OUR CURRENCY, YOUR PROBLEM
Compared with others, the United States has some protection from this problem. Reserves of shale gas make it a relative winner from the energy crisis. And the rising dollar will help it stop inflation faster than other countries.
But the strong greenback makes life harder for almost everybody else. It is pushing up inflation in the rest of the world and adding to the distress of those that have borrowed in dollars. It's more than 50 years since the then-U.S. Treasury Secretary told his counterparts that the "dollar is our currency but it's your problem". The adage is relevant again today.
We are in the early stages of a new debt crisis in the Global South. Poor countries are especially vulnerable to high food and energy prices. Investors' increased risk aversion is also hitting them hard. The spread on high-yield sovereign dollar debt over U.S. Treasury bonds is now more than 10 percentage points – around double what it has been for most of the last decade, according to the IIF.
Sri Lanka, Ghana, Egypt and Pakistan have already called on the IMF for help with their debts. About 60% of low-income countries are in debt distress or at risk of it, according to an IMF article. So far, this isn't as serious as the Latin American debt disaster of the 1980s, which also infected Africa, or the East Asian crisis of the late 1990s, which dragged in Russia and Brazil. What's more, the large western banks have less exposure to emerging markets than in the 1980s. But the flipside is that the debt is spread among many bond investors and that China is a massive lender. This fragmented creditor base makes it harder to restructure countries' borrowings: no lender wants to take a hit unless they are confident that others will share the pain.
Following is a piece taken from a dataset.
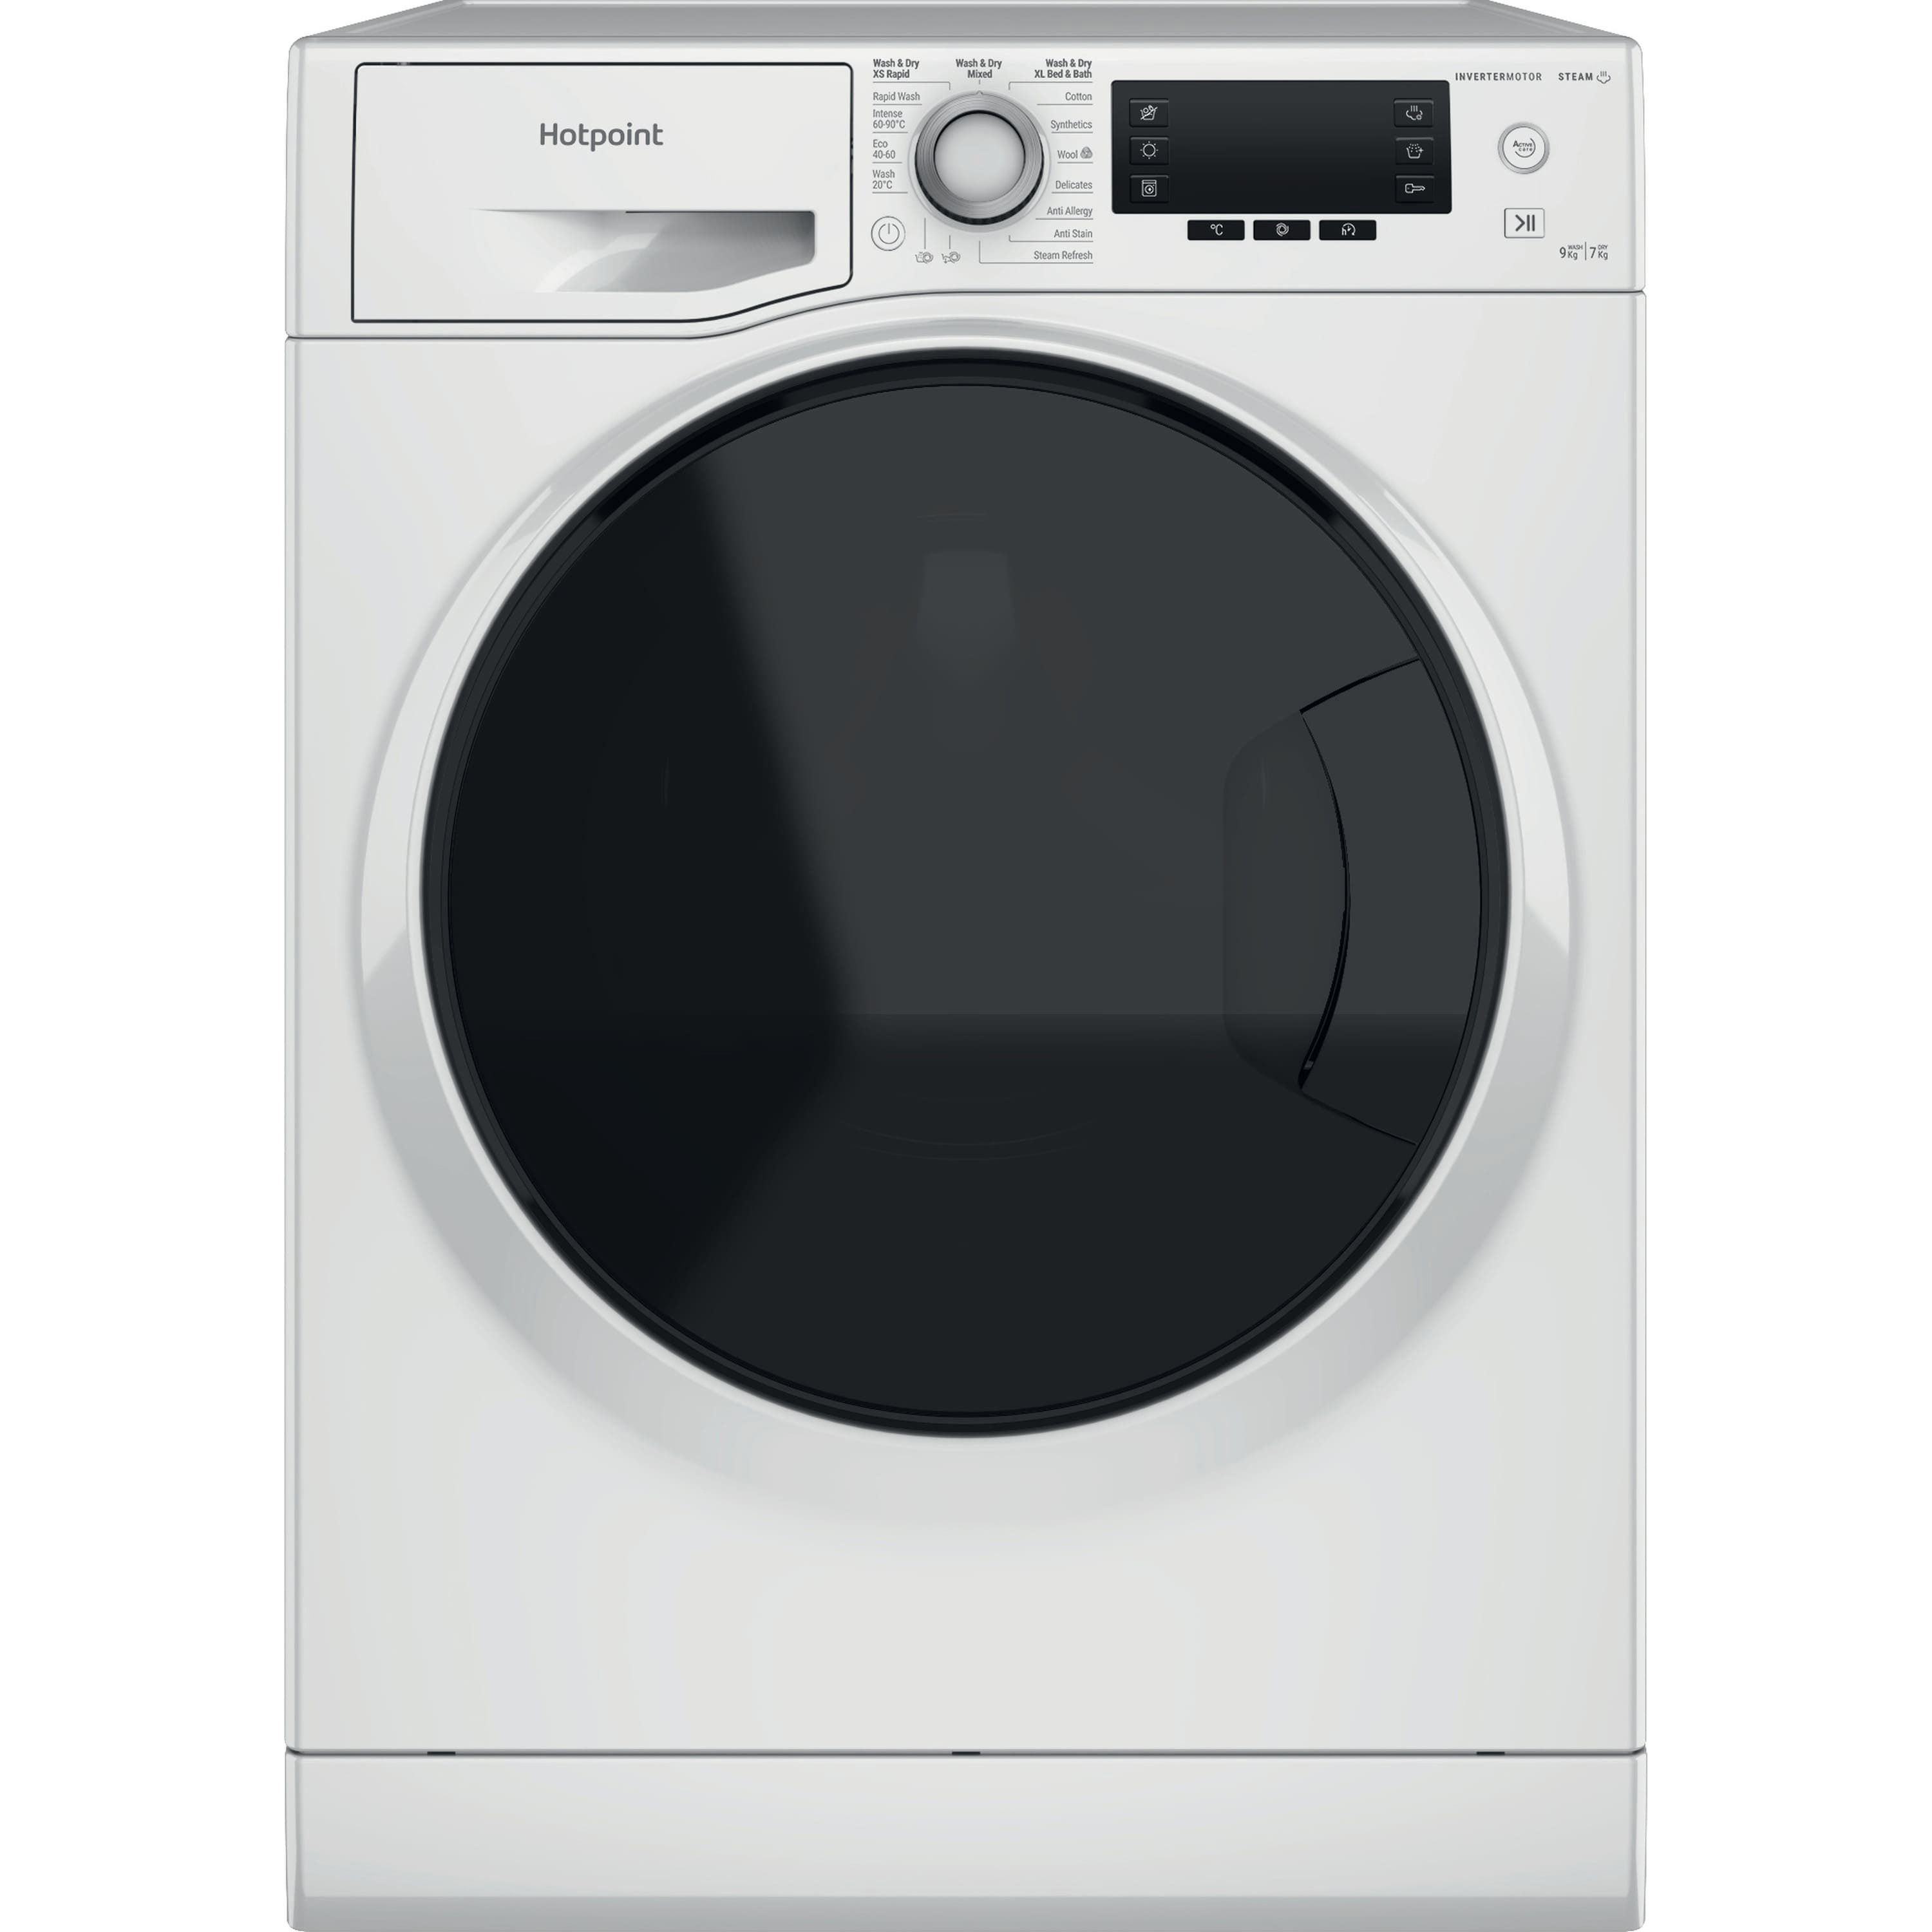 Resin Dryer Machine, Resin Dryers, Plastic Scrap Washing And Drying Machine

Poor countries could explode with anger, as they feel they are the victims of richer countries' actions. They didn't flood the world with cheap money, they didn't get many vaccines to help with the pandemic, they didn't cause the food or energy crises – and they are not to blame for the climate crisis which is hitting their countries particularly badly. Nevertheless, as in Europe and China, the problems caused by more than a decade of seemingly free money are now coming home to roost.